You are viewing a plain text version of this content. The canonical link for it is here.
Posted to dev@drill.apache.org by "Paul Rogers (JIRA)" <ji...@apache.org> on 2017/11/09 22:03:00 UTC
[jira] [Created] (DRILL-5949) JSON format options should be part of
plugin config; not session options
Paul Rogers created DRILL-5949:
----------------------------------
Summary: JSON format options should be part of plugin config; not session options
Key: DRILL-5949
URL: https://issues.apache.org/jira/browse/DRILL-5949
Project: Apache Drill
Issue Type: Improvement
Affects Versions: 1.12.0
Reporter: Paul Rogers
Drill provides a JSON record reader.
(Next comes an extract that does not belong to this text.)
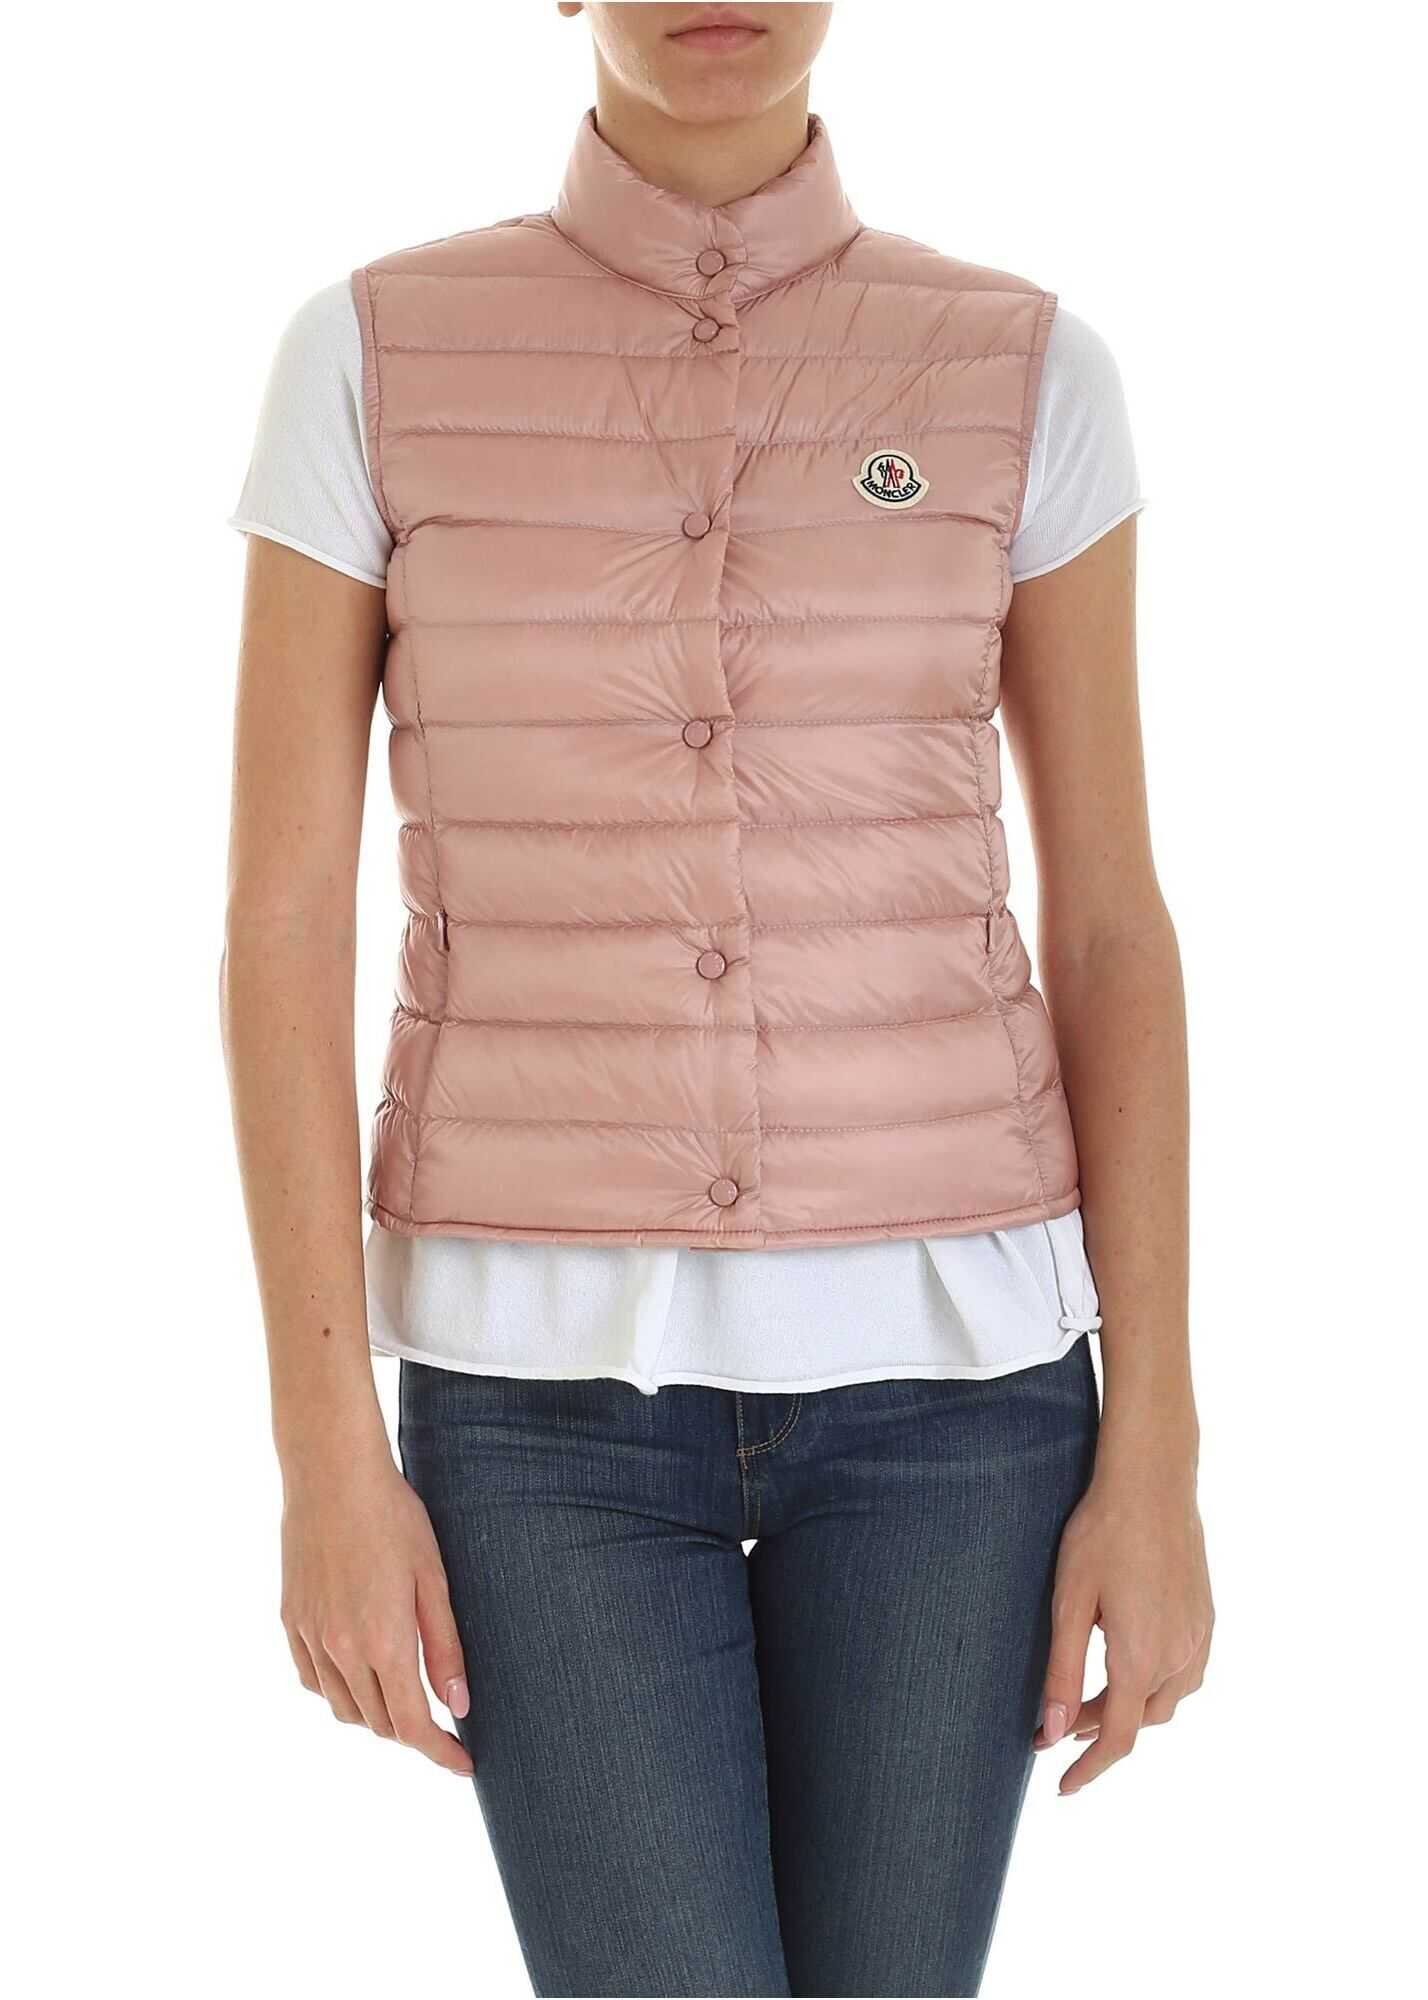 Liane Waistcoat In Pink thumbnail
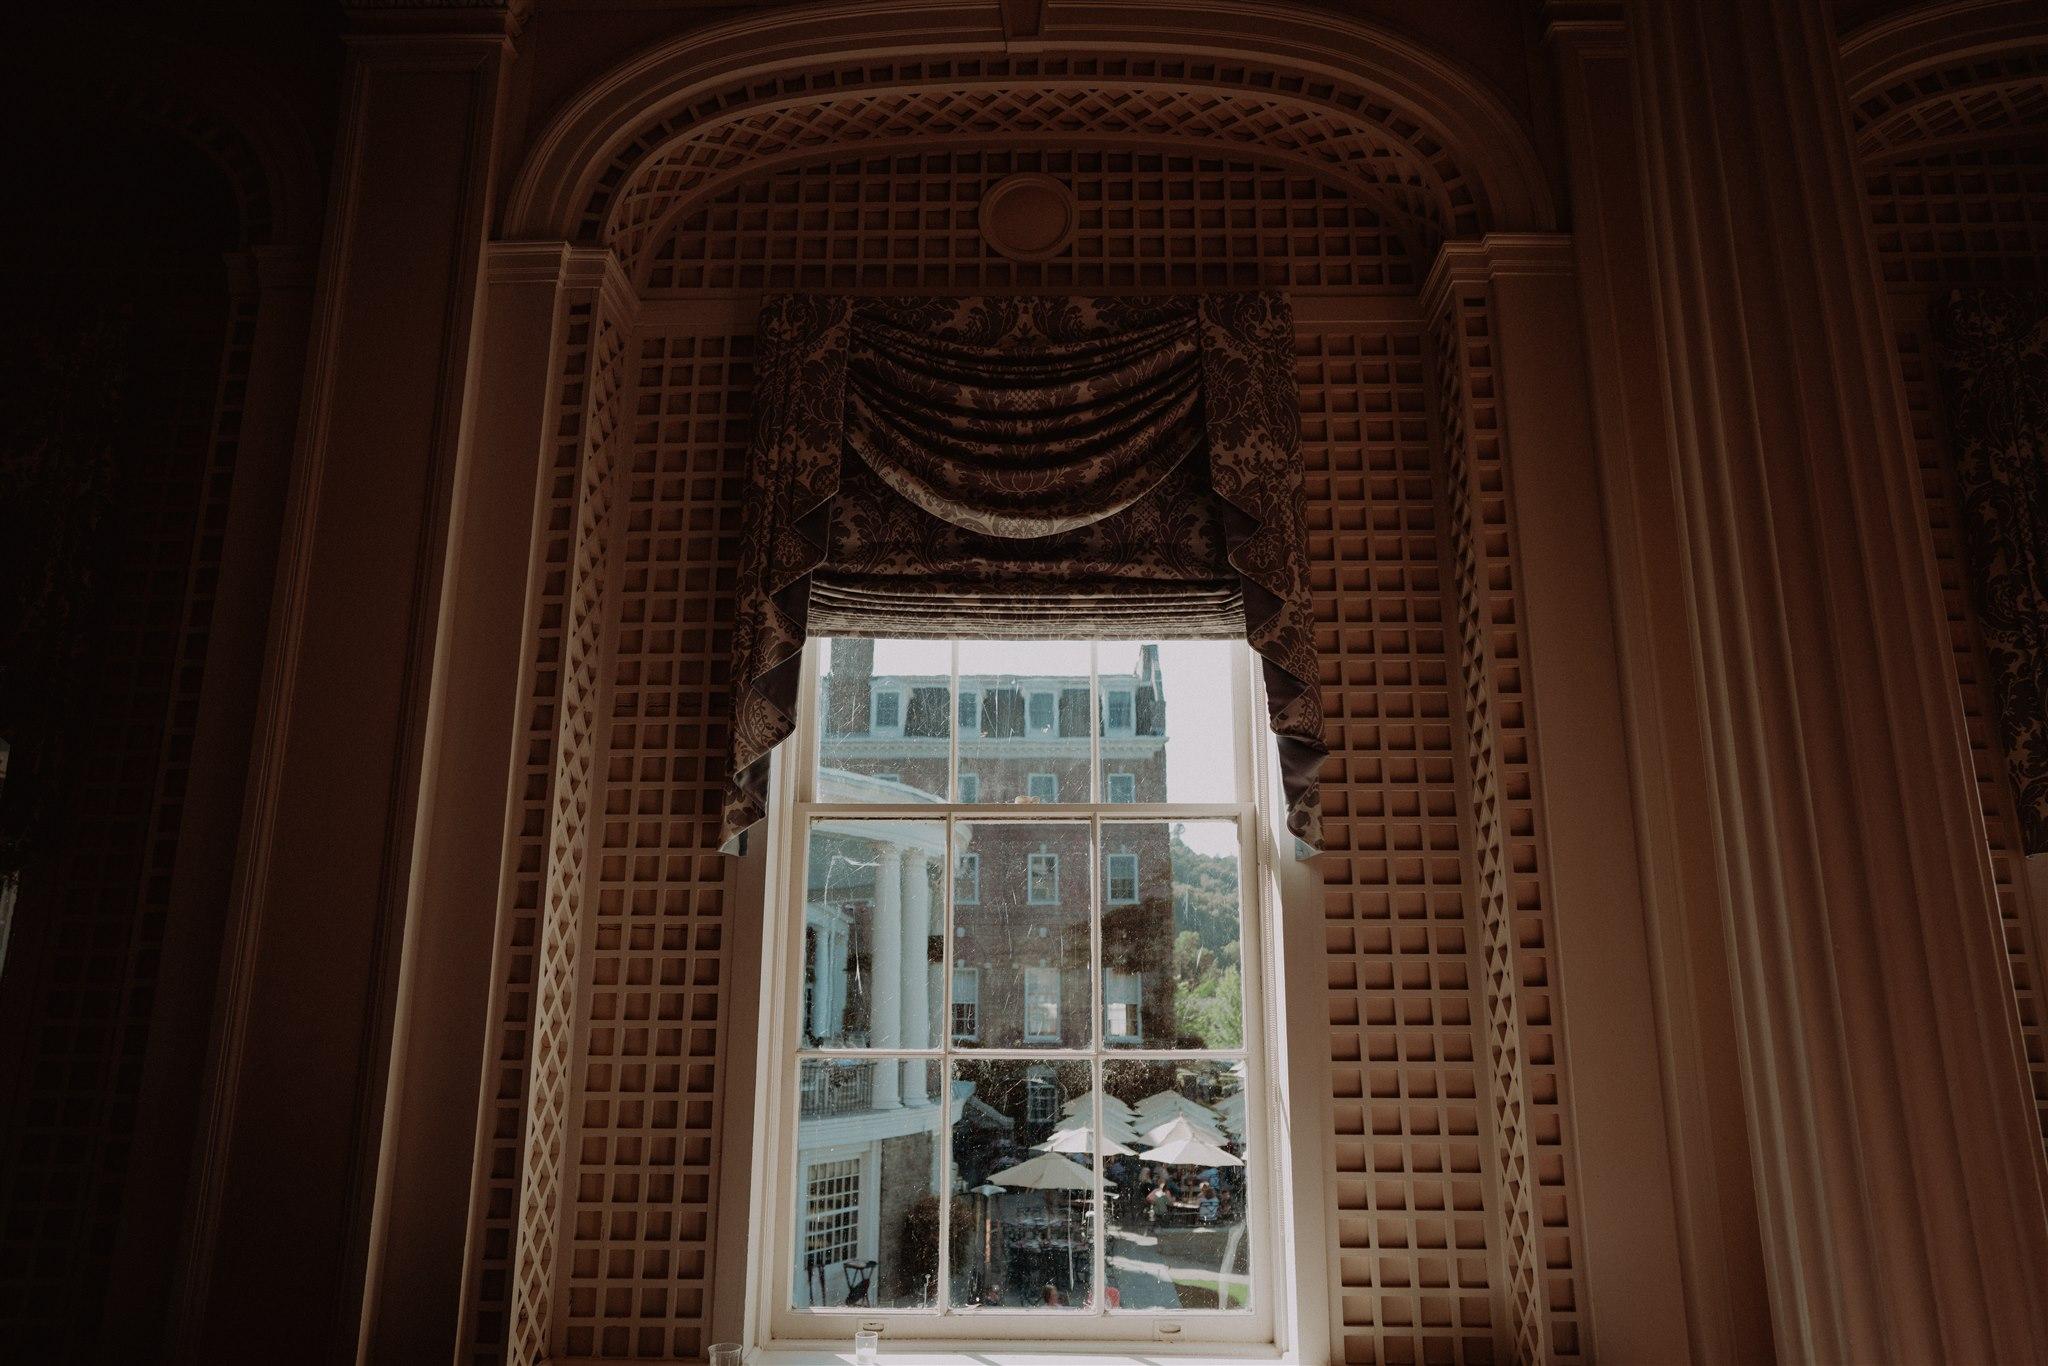 Chellise_Michael_Photography_Hudson_Valley_Wedding_Photographer_Otesaga_Hotel-4086.jpg

Drill provides two ways to configure this reader:
* Using the JSON plugin configuration.
* Using a set of session options.
The plugin configuration defines the file suffix associated with JSON files. The session options are:
* {{store.json.all_text_mode}}
* {{store.json.read_numbers_as_double}}
* {{store.json.reader.skip_invalid_records}}
* {{store.json.reader.print_skipped_invalid_record_number}}
Suppose I have to JSON files from different sources (and keep them in distinct directories.) For the one, I want to use {{all_text_mode}} off as the data is nicely formatted. Also, my numbers are fine, so I want {{read_numbers_as_double}} off.
But, the other file is a mess and uses a rather ad-hoc format. So, I want these two options turned on.
As it turns out I often query both files. Today, I must set the session options one way to query my "clean" file, then reverse them to query the "dirty" file.
Next, I want to join the two files. How do I set the options one way for the "clean" file, and the other for the "dirty" file within the *same query*? Can't.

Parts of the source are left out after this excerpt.